Though I agree with much of what Professor Ghosh had to say from an idealist’s standpoint, the feasibility of what he is proposing remains unclear. For one, China and India are not the only key economies in the market; if they employ this kind of circular model and no other country with economic hegemony joins them, they could be looking at large losses at a peak in their growth and development as nations. These countries cannot afford to make a costly paradigmatic shift unless others are on board as well. Another question to consider is who we would look to first to create this kind of change- the firms who run the current market, or the government who restricts it?

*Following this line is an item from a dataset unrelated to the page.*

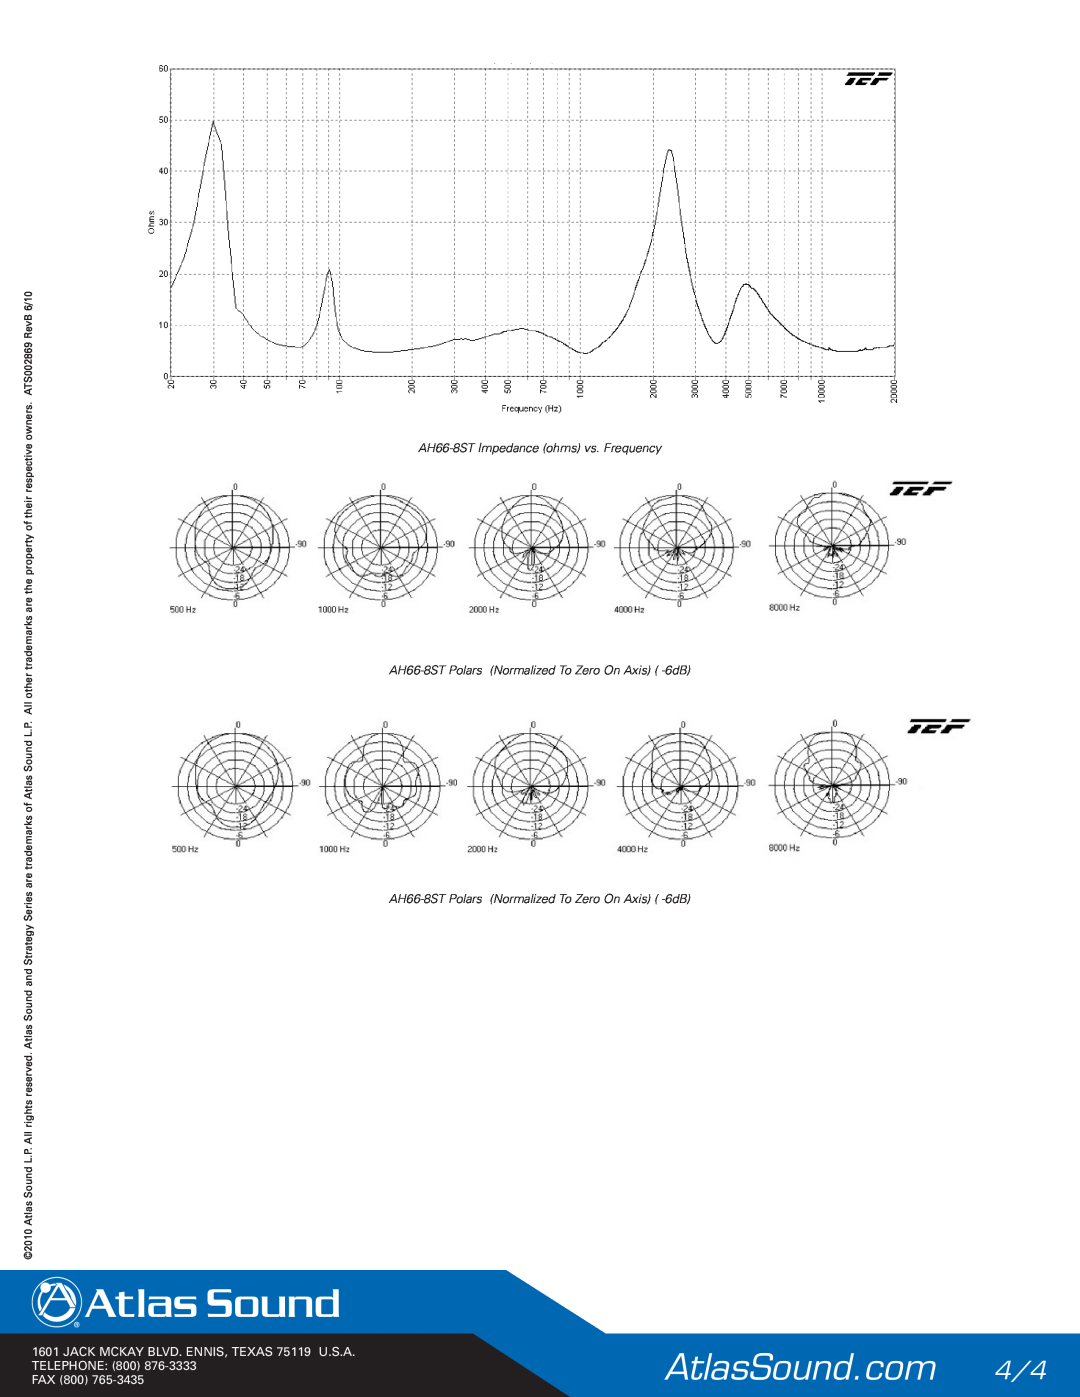 Atlas Sound manual AH66-8STImpedance ohms vs. Frequency, AH66-8STPolars Normalized To Zero On Axis -6dB, Fax 
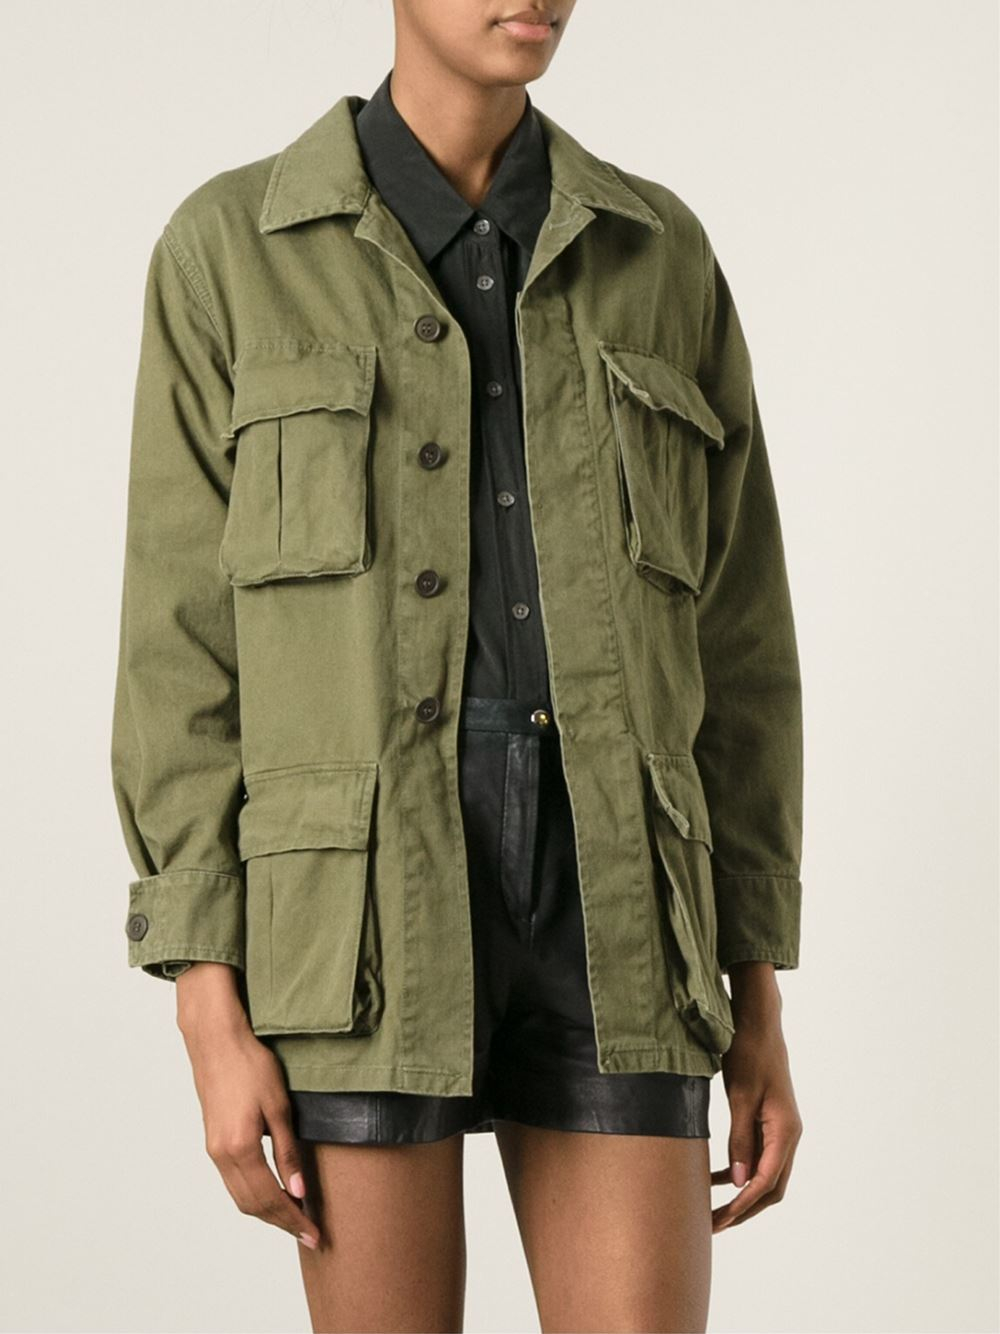 Saint Laurent Embroidered Military Jacket in Green | Lyst

The Chinese government has already started taking steps toward reviving ancient roots. New industrial models include sustainable farming, intelligent power, and exploring alternative energy sources for powering at least 13 of the larger cities in Mainland China. India is still not making much progress on this front, which makes one wonder- what are the drawbacks for a nation like India that is attempting to change its economic model? I believe there are a variety of reasons. Firstly, a communist regime such a China will have more success with this because all that is needed is a can-do attitude from the leadership. Since they shape the market conditions and rules of firms, it will be much easier to regulate this shift than in the largest democracy of the world. China also has a positive trade balance- they have the ability to spend out of pocket for experimentation with innovative markets, whereas import-heavy countries such as India would not have the resources to make these changes. This also means that countries like the United States do not have the budget to pioneer such shifts. There is also the fear of disintegration if the Indian government encourages the buildup of villages as separate economies from the rest of the country.

While I do believe that Professor Ghosh raises some very important ethical and ecological concerns, his ideas may still be in a prototypical phase not ready to be applied to nations that are at the cusp of their economic potential. The Chinese standard of living is quite low and with a GDP rising at 10%, there is nowhere to go but up. For the rest of the world, however, it will take some time before we can put mind over market and others before ourselves. As much as we want to, completely disregarding Hobbesian theory will not save the planet any faster than taking small steps to improve each of the G8 countries’ economy and ecology before trying to unite the world in the purview of “paradigm X”.